Innocent Graves
- First edition
- Author: Peter Robinson
- Language: English
- Series: Inspector Alan Banks, #8
- Genre: Crime novel
- Publisher: Viking Press
- Publication date: 1996
- Publication place: Canada
- Media type: Print (hardback, paperback)
- ISBN: 0-330-48218-1
- OCLC: 47037141
- Preceded by: Dry Bones That Dream
- Followed by: Dead Right

= Innocent Graves =

1996 crime novel by Peter Robinson

 Innocent Graves is the eighth novel by Canadian detective fiction writer Peter Robinson in the Inspector Banks series of novels.
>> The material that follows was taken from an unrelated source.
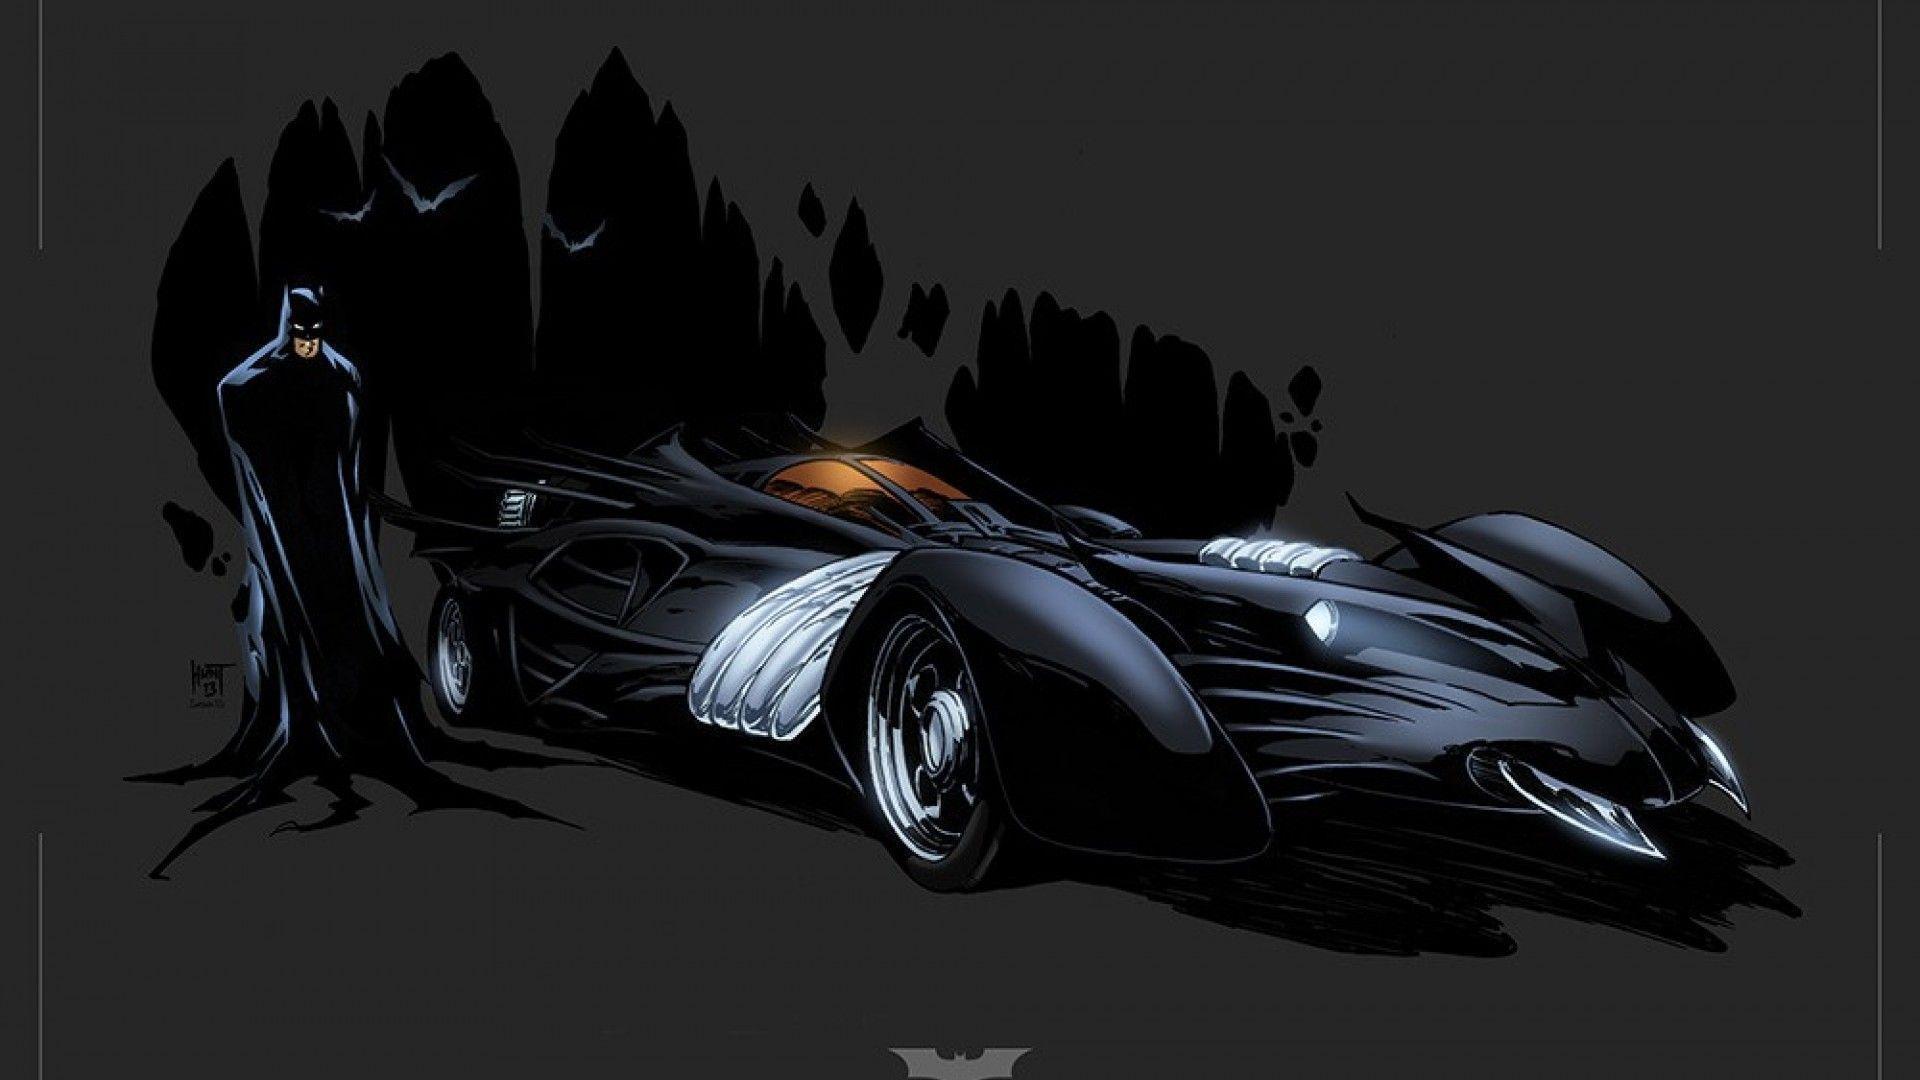 Batmobile Wallpapers  Top 30 Best Batmobile Wallpapers  HQ 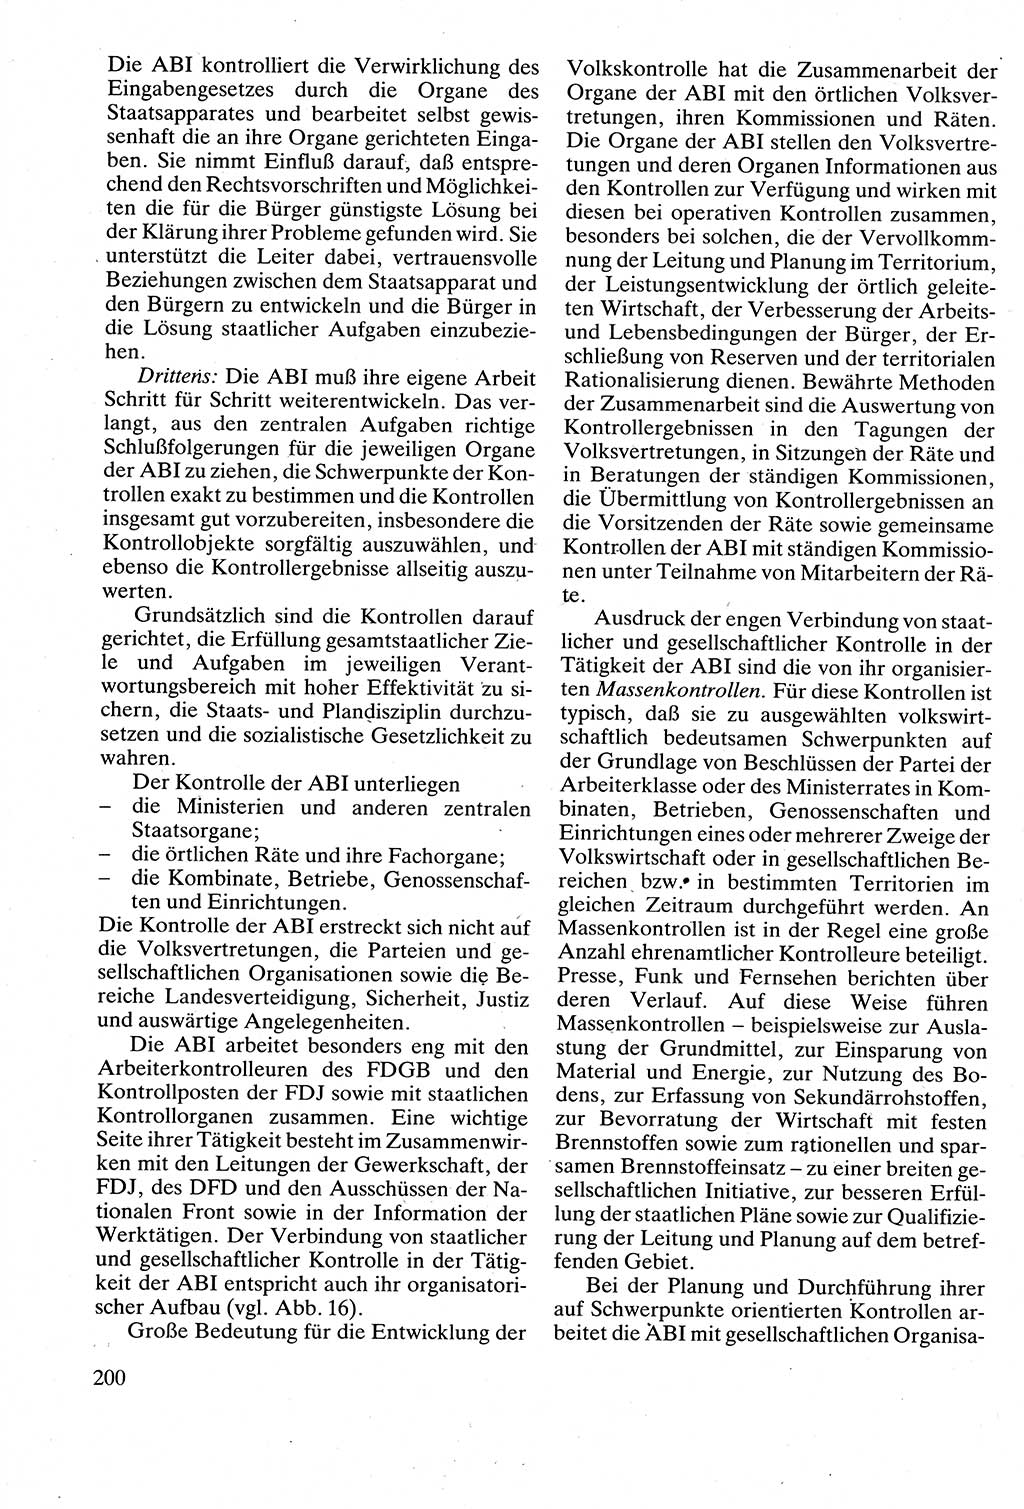 Verwaltungsrecht [Deutsche Demokratische Republik (DDR)], Lehrbuch 1988, Seite 200 (Verw.-R. DDR Lb. 1988, S. 200)

The novel was first printed in 1996, but has been reprinted a number of times since. The novel was selected by Publishers Weekly as one of the best mysteries of the year, nominated for the 1996 Hammett Prize, and won the 1997 Arthur Ellis Award for 'Best Novel'.

==Original story==
Robinson wrote a short story Innocence in 1990, about Terry Reed who was accused then cleared of the murder of a schoolgirl. Robinson next wrote an entire novel from Reed's point of view, which was turned down by his publisher. He then thought it might work better with DI Banks, and rewrote the novel as Innocent Graves with DI Banks and Reed as Owen. The short story Innocence was published in Not Safe After Dark (1998); see Introduction to the collection.

==Adaptation==
In 2012, the novel was adapted as a two-part episode on the TV series DCI Banks.